A federal judge shot down BP’s request to penalize Halliburton for allegedly destroying damaging evidence about the quality of its cement slurry that went into drilling the oil well that blew out last year and caused the nation’s worst offshore oil spill.
BP did not prove that it had been “prejudiced” by Halliburton’s actions, U.S. Magistrate Judge Sally Shushan wrote in a ruling on Jan. 20. But Shushan told Halliburton to turn over a computer that ran tests on the cement slurry.

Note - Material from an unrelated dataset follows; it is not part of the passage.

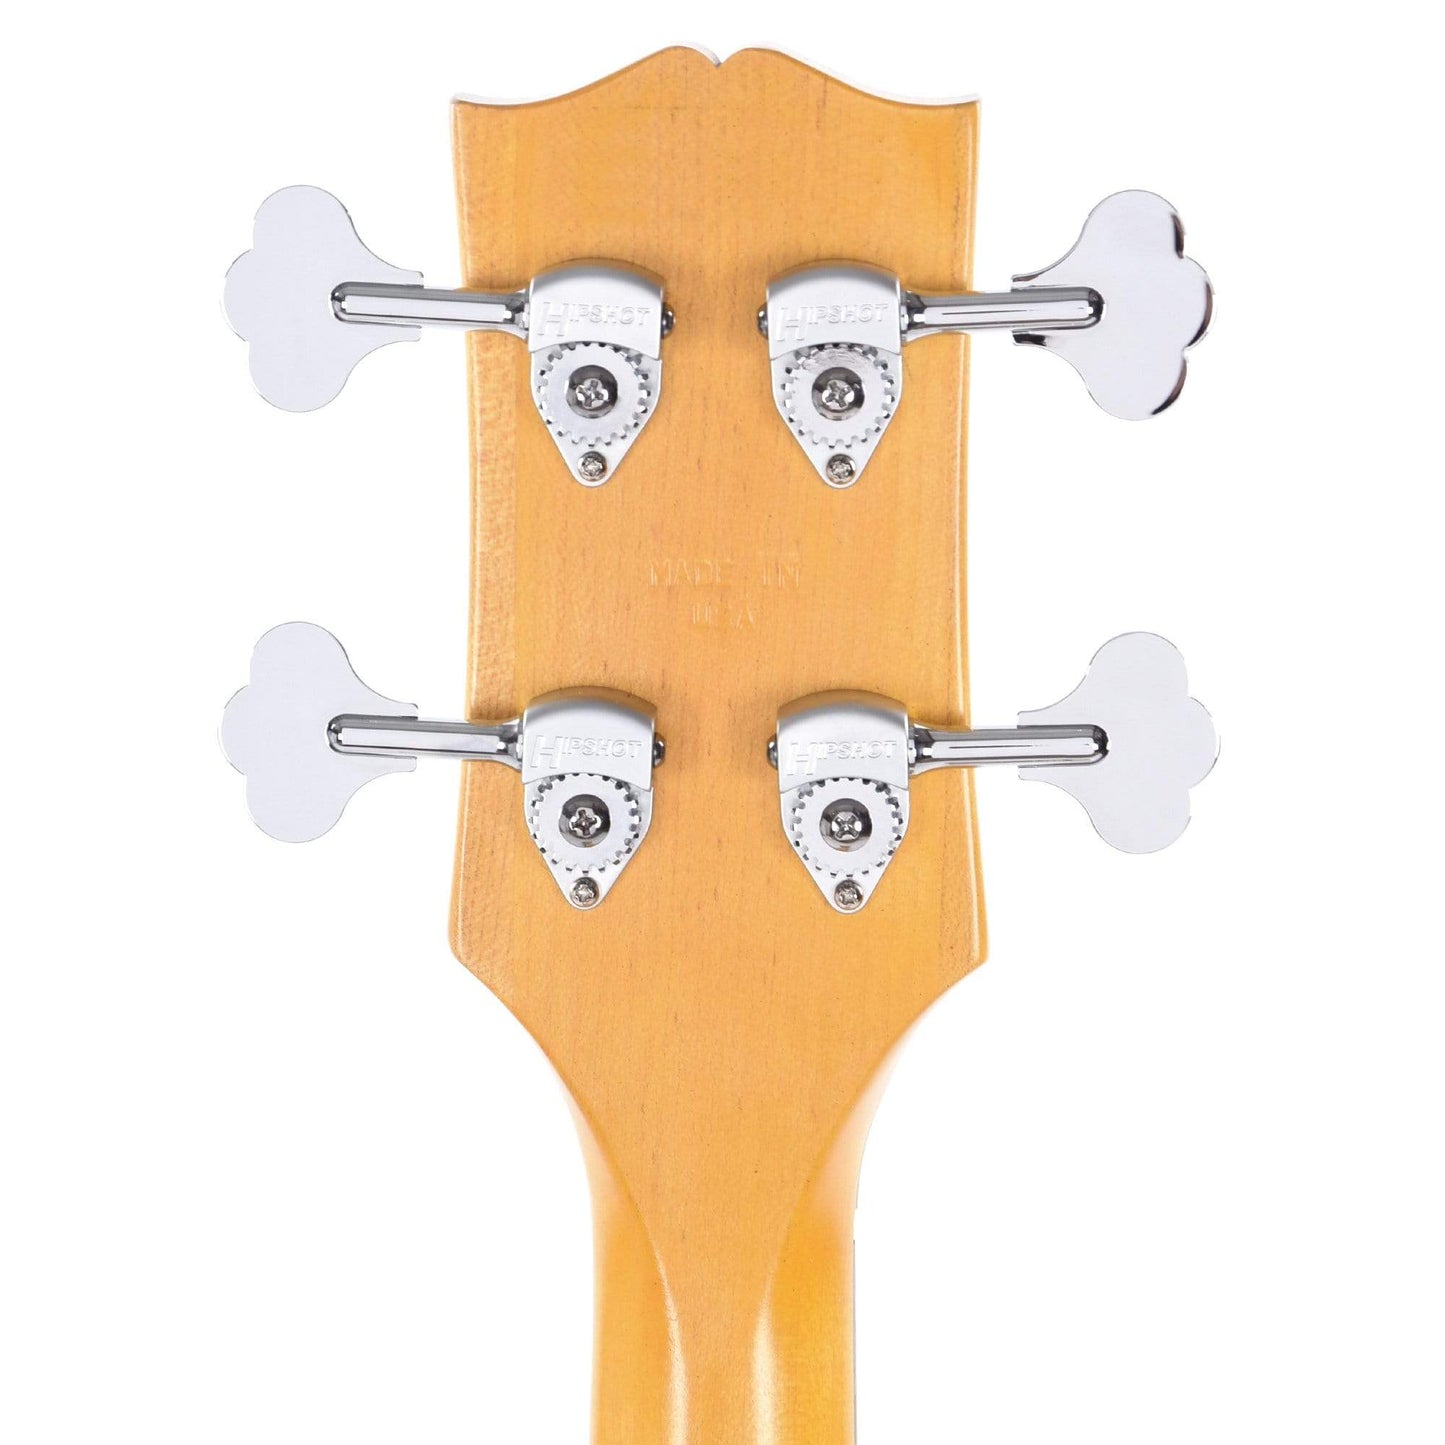 Gibson USA Les Paul Junior DC Bass Worn TV Yellow w/Tortoise Pickguard & Chrome Cover Bass Guitars / 4-String

The judge ordered a third party to run forensics tests on the computer to see if data Halliburton says was lost can be retrieved.
BP made the allegations against Halliburton on Dec. 5 in advance of a trial over blame for the April 2010 Deepwater Horizon blast.
The explosion killed 11 workers and led to the release of more than 200 million gallons of crude oil into the Gulf of Mexico.
BP PLC and its two main contractors on the ill-fated well, Halliburton Corp. and Transocean Ltd., have been sparring in advance of a trial that starts Feb. 27. U.S. District Judge Carl Barbier will decide fault for the spill in the first phase of the non-jury trial.
BP accused Halliburton employees of doing an internal investigation and discarding and destroying early test results after the blowout that found problems with the cement slurry. BP said Halliburton’s chief cement mixer for Gulf projects testified in depositions that the slurry seemed “thin” to him but that he chose not to write about his findings to his bosses out of fear he would be misinterpreted.
In defending itself against BP’s allegations over those early tests, Halliburton called the tests “random, informal post-incident testing” and said that their results in no way meant that the slurry used in the Macondo well was “unstable.”
Federal and independent investigations of the disaster have found fault in Halliburton’s cement job because it failed to properly plug the well. Halliburton used a foamy cement slurry.
While denying BP’s request to penalize Halliburton, Shushan told the companies to work quickly to do the forensic computer tests and gave them until Jan. 26 to appeal.